R1= 10 ohm
R2= 20 ohm
R3= 50 ohm
R4= ???
R1, R2, R3 and R4 are connected in parallel across a 120 V "power" supply to generate a current of 21 Amps. The value of R4 is most nearly _____ ohms.
0, 5, 10, 16, 100, 200, 300
I think 5 ohms, but I'm not sure...In need of some assistance, please
R(combined) = 120/21 = 5.71 ohms
1/5.714 = 1/10 + 1/20 + 1/50 + 1/R4
= 0.175 + 1/R4
0.175 = 1/R4 + 0.170
1/R4 = 0.005
R4 = ___
It's not 5 ohms
To find the value of R4, we can use Ohm's Law and the principle of parallel resistors.
Given:
R1 = 10 ohms
R2 = 20 ohms
R3 = 50 ohms
Voltage (V) = 120 V
Current (I) = 21 Amps
To calculate the total resistance of the parallel combination of R1, R2, R3, and R4, we can start by finding the equivalent resistance of R1, R2, and R3.

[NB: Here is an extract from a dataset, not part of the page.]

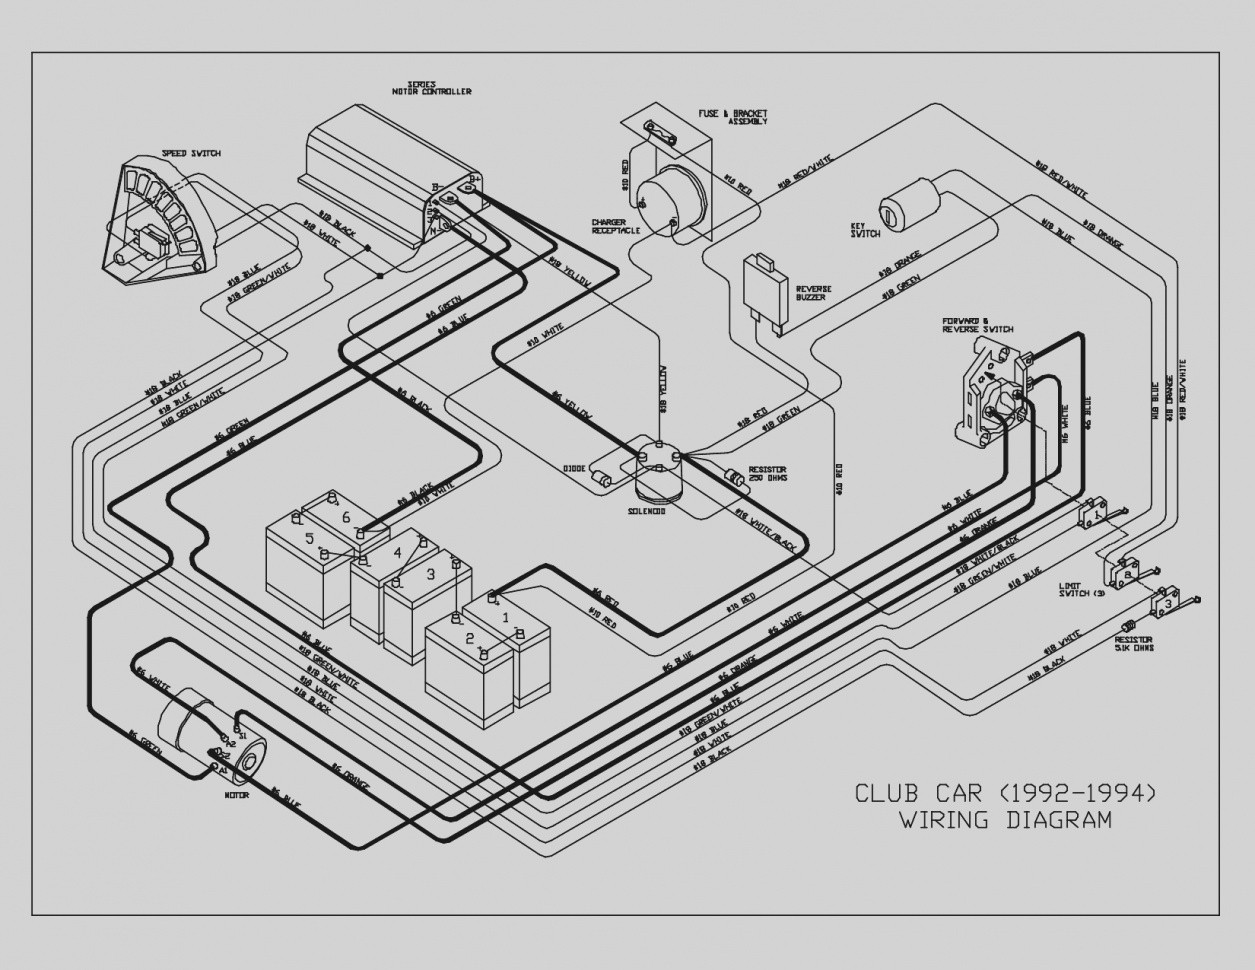 Wiring Diagram 36 Volt Battery Charger Library Textron Trend Ez Go Wiringam Ezgo Rxv Gas Golf Cart Club Car

The formula for the total resistance of resistors connected in parallel is given by:
1/R_total = 1/R1 + 1/R2 + 1/R3 + 1/R4
Substituting the given values:
1/R_total = 1/10 + 1/20 + 1/50 + 1/R4
To solve for R_total, we need to find the least common denominator and simplify the equation. The least common denominator for 10, 20, and 50 is 100; therefore, the equation becomes:
1/R_total = 10/100 + 5/100 + 2/100 + 1/R4
1/R_total = (10 + 5 + 2)/100 + 1/R4
1/R_total = 17/100 + 1/R4
Now, let's calculate the value of R_total:
R_total = 1 / (17/100 + 1/R4)
R_total = 1 / (17/100) + 1/R4
R_total = 100 / 17 + 1/R4
R_total = (100R4 + 17) / (17R4)
We know that voltage (V) = current (I) * resistance (R). Using Ohm's Law, we can write:
V = I * R_total
Substituting the given values, we get:
120 = 21 * R_total
Now, solve for R_total:
R_total = 120 / 21
R_total ≈ 5.71 ohms
Since the given answer options are discrete values, we have to find the closest value to 5.71 ohms. The closest value to 5.71 ohms from the given answer options is 5 ohms. Therefore, the value of R4 is most nearly 5 ohms.
So, your initial guess of 5 ohms is correct!